Many — including Céline Gounder, an infectious diseases specialist at Bellevue Hospital in New York City who served on the Biden transition’s Covid-19 advisory board, and Megan Ranney, an emergency room doctor and associate dean at the School of Public Health at Brown University — argue that the U.S. should focus on convincing holdouts at home to get their initial shots and on shipping more doses overseas to reduce the risk that new and dangerous virus variants will emerge. Craig Spencer, the director of Global Health in Emergency Medicine at Columbia University Medical Center, has also publicly pushed back against the administration’s thinking on boosters.

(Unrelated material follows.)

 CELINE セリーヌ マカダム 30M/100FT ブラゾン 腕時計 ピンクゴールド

“There is some benefit to reducing transmission with boosters. But that benefit is marginal compared to the benefit of vaccinating people in parts of the country that are not vaccinated, never gotten a dose to begin with,” said Nahid Bhadelia, director of Boston University’s Center for Emerging Infectious Diseases Policy and Research. “Even with the booster, the antibodies may go down again. And as long as there is a pool of people who are not vaccinated in the community, I’m not going to be 100 percent protected.”
Others say that with the pandemic closing in on its third year and no end in sight, the administration must make tough decisions on boosters without full data.

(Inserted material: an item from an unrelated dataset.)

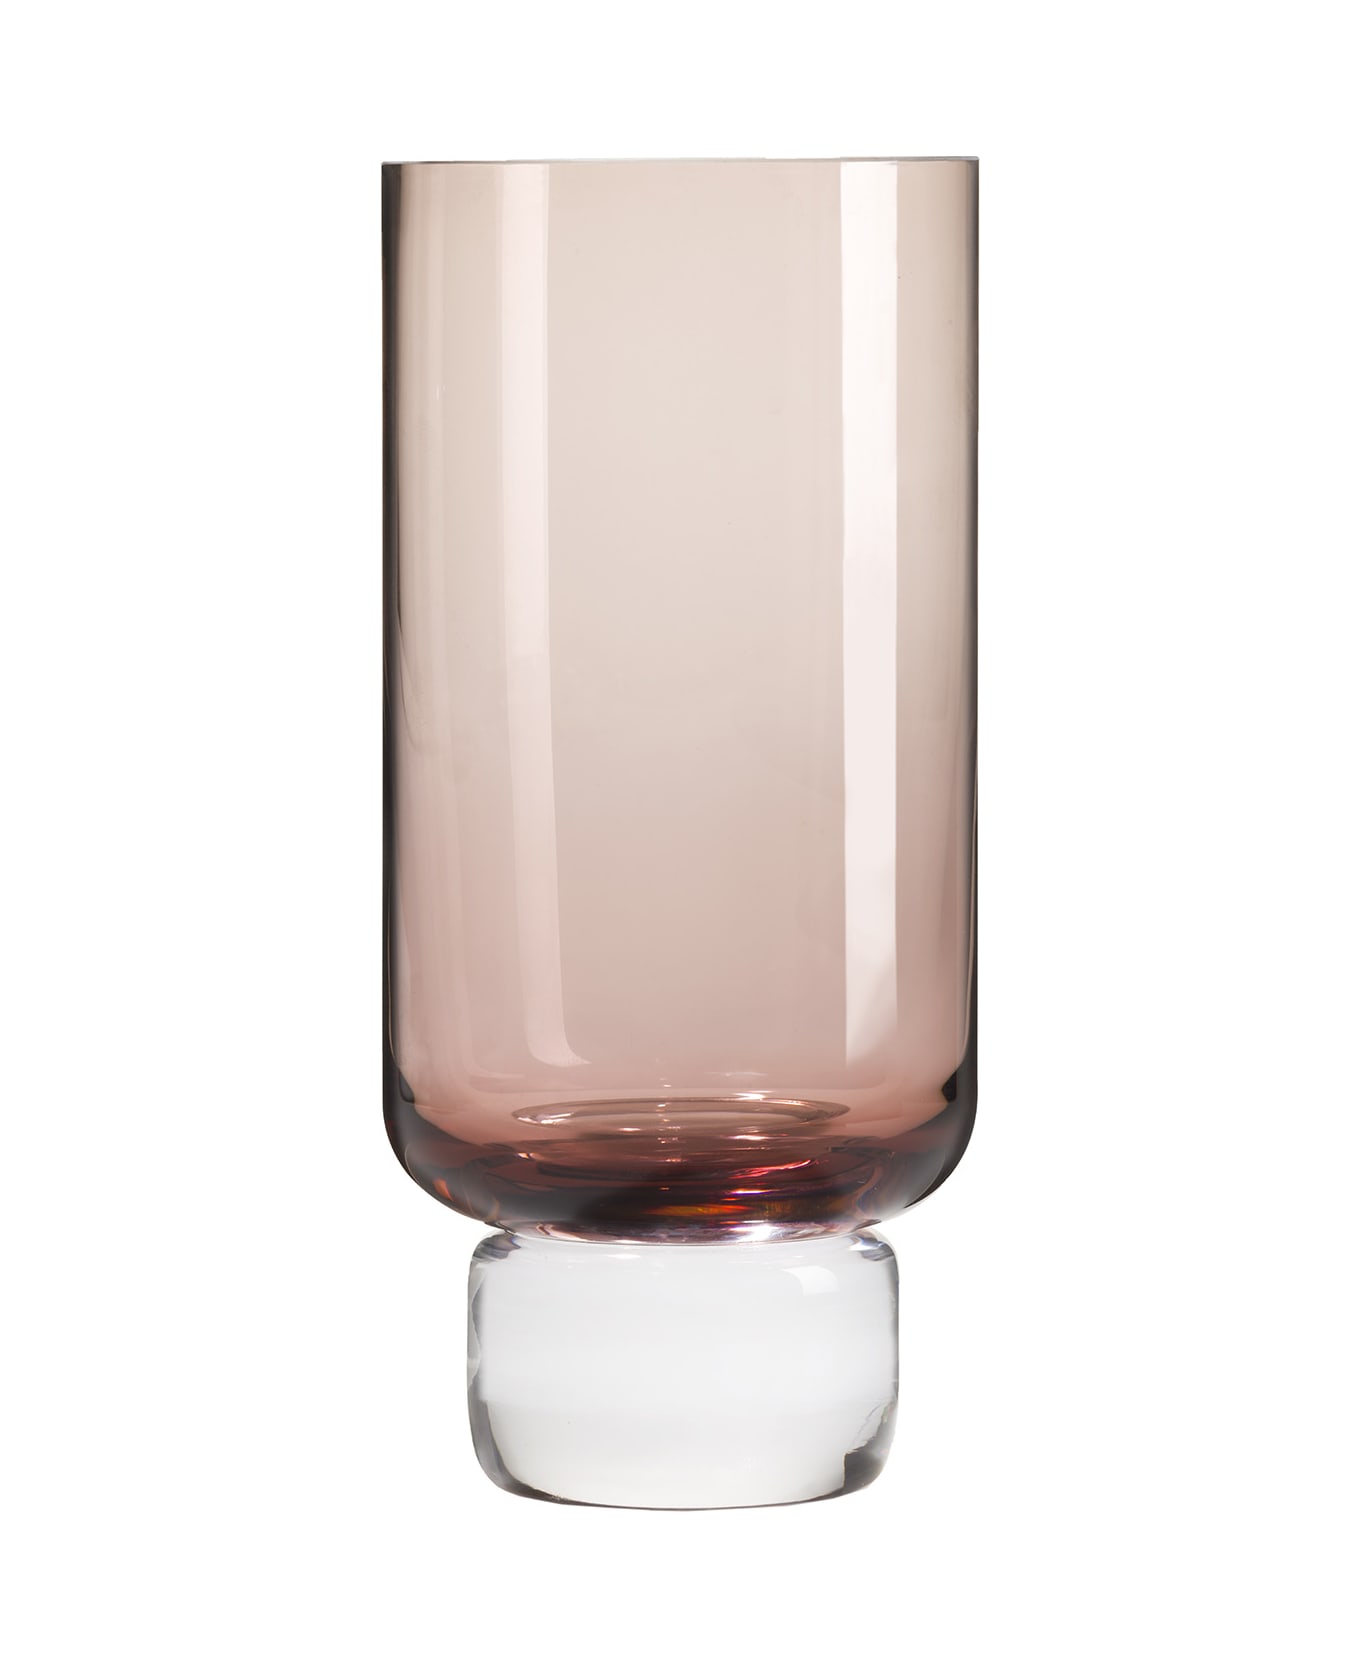 Karakter Clessidra Jar In Bordeaux Glass - bordeaux

A former Harvard Medical School professor and founder of the university’s cancer and HIV/AIDS research departments, William Haseltine, said those who oppose a broad booster rollout are “pitting their hopes against the unknown.”
“If you don’t have a high level of antibodies and you are relying on [immune cell] memory, it isn’t going to stop you from getting sick. It may prevent you from dying, but it won’t stop transmission,” Haseltine said. “They are guessing about how well memory will protect you. It is something they will come to regret. If you are in a situation like we’re in now, is it better to prepare for the worst or prepare for the best?”
The public health community’s break with Biden comes at a particularly consequential time: Over the next month, officials could face decisions on which Moderna and Johnson & Johnson vaccine recipients should get boosters, whether people can receive doses of two different Covid-19 shots and whether to approve the Pfizer-BioNTech vaccine for children under 12.
Administration officials have already begun telegraphing confidence in the children’s vaccines in addition to widespread booster shots and argue privately that the science will ultimately vindicate their positions. Forthcoming data on the effectiveness of the so-called mix-and-match method of giving people two different types of Covid-19 vaccines is encouraging, they said — potentially clearing the way for a wider array of people to get boosters sooner, given that only Pfizer-BioNTech’s is available now.
The public health community still trusts that the administration is being honest and forthright in its decision-making, four outside experts said. Yet the booster saga has left it deeply divided. Some argue that Biden’s team is making the most informed moves it can with the limited information available in an effort to match the urgency of the moment.
“Part of what we’re working out here is how to use these vaccines, and we shouldn’t be surprised that we don’t have all the answers,” said Michael Osterholm, an epidemiologist who advised the Biden transition team and supports the booster push. “Too many people are viewing this as a luxury dose. It’s not.”